Óscar Fuentes writes:
> See this simple example:
>
> struct A {
>   int foo();
> };
>
> struct B {
>   int bar();
> };
>
> A baz(int);
> B baz(A);
>
> int quux(char c) {
>   return baz(c). ???????????
> }
>
> For knowing the correct completion candidates at the point indicated by
> the question marks you need to know which `baz' overload to choose,
> which in turn requires to know that `c' is a `char' and then knowing
> that a `char' is acceptable by the `baz' overload that takes an `int'.
> Therefore you know that the correct `baz' overload returns an `A' and
> therefore the list of completion candidates is `foo'.

With latest Emacs from trunk:

- Put the above in file test.c
- Load it
- M-x semantic-mode
- Put point behind "baz(c)."
- C-c , l

Also, run "M-x bovinate" to see the tags the parser generates. In the
function, run "M-x semantic-calculate-scope" to see what it knows there.

> Even this very simple case requires knowing the semantics of C++. Even
> if this looks approachable by a parser armed with some ad-hoc
> heuristics, those will surely fail by just adding/modifying a couple of
> lines on the test case above, unless those heuristics implement semantic
> analysis under cover.

Yes. You will notice that if you change 'quux' to accept a struct A, it
will still say 'foo'. But this is actually not a parser problem, but a
missing feature in the semantic database, which currently cannot deal
with overloads, so it just takes the first one it sees. That should not
be very hard to add, but - as usual - someone has to do it.

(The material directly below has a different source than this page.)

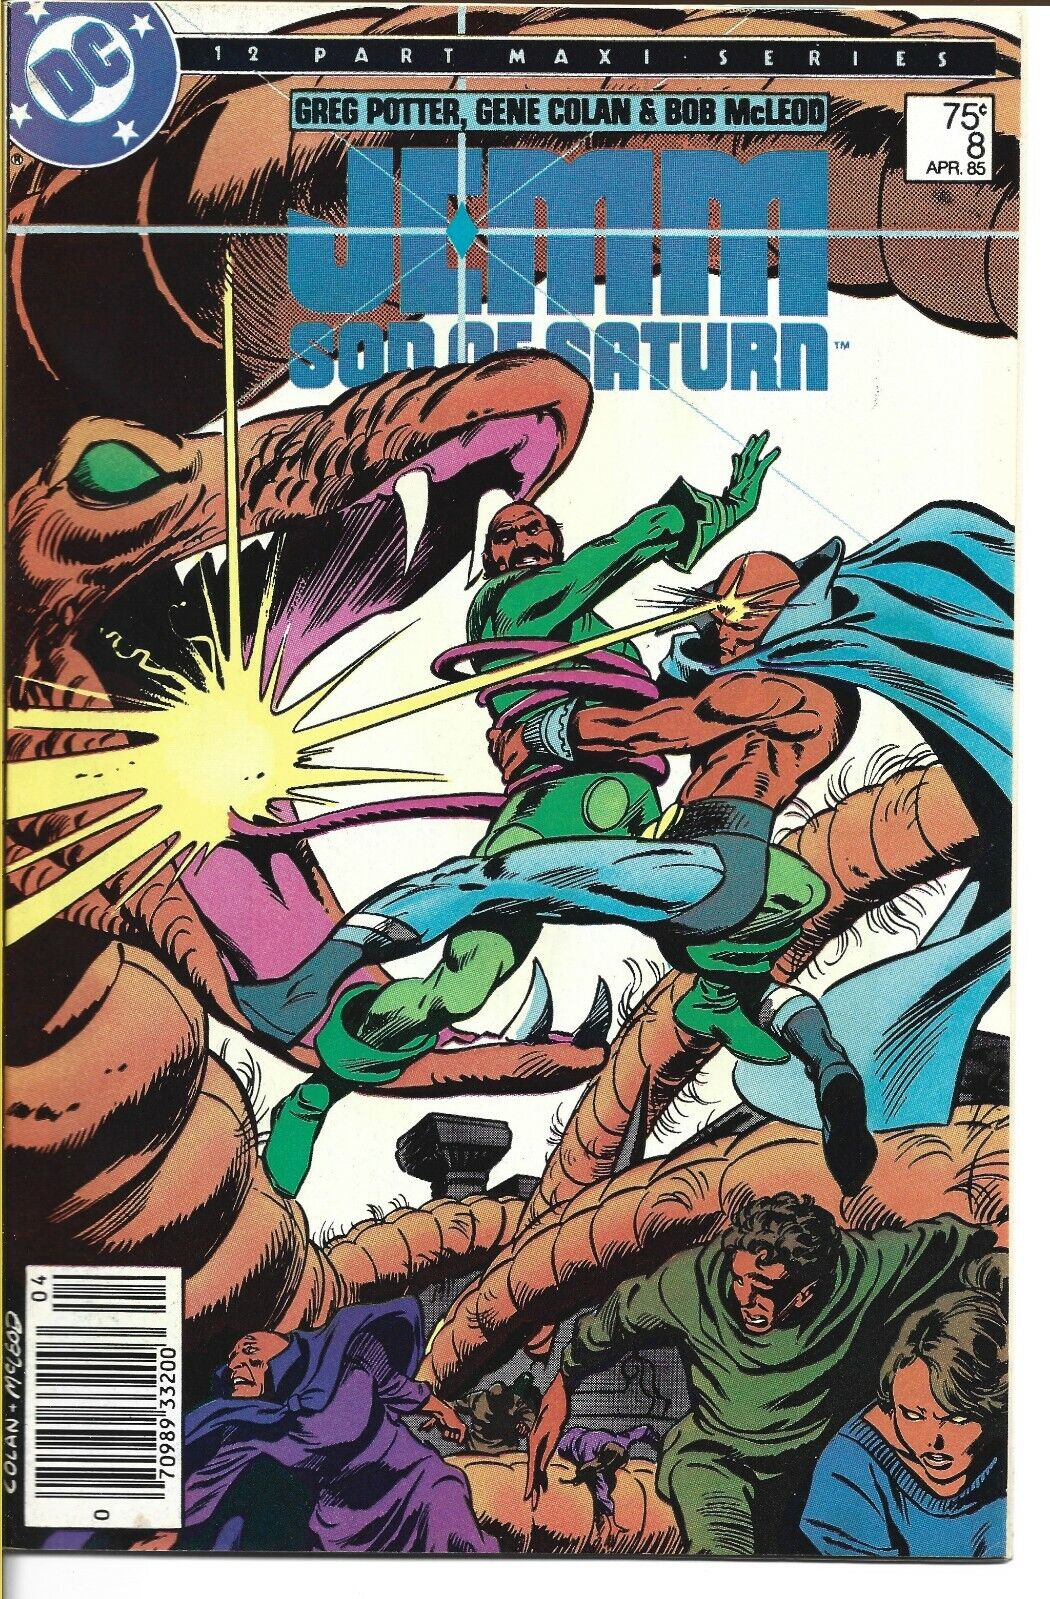 JEMM SON OF SATURN #8 DC COMICS 1985 BAGGED AND BOARDED

> One was already mentioned by Stephen Leake: refactoring. Actually,
> anything that requires semantic knowledge of the source code you are
> working on. You could ask for a listing of places dependent of word
> size, for instance, or highlight the places where certain idiom is used.

CEDET will most probably never be able to refactor C++ code, aside from
very simple cases. There are very few IDEs out there which even try to
do that; from my experience, none of them do it 100% reliably (just
bring some meta template programming into the game and see what
happens). IMHO, "Refactoring C++" should not be in the job description.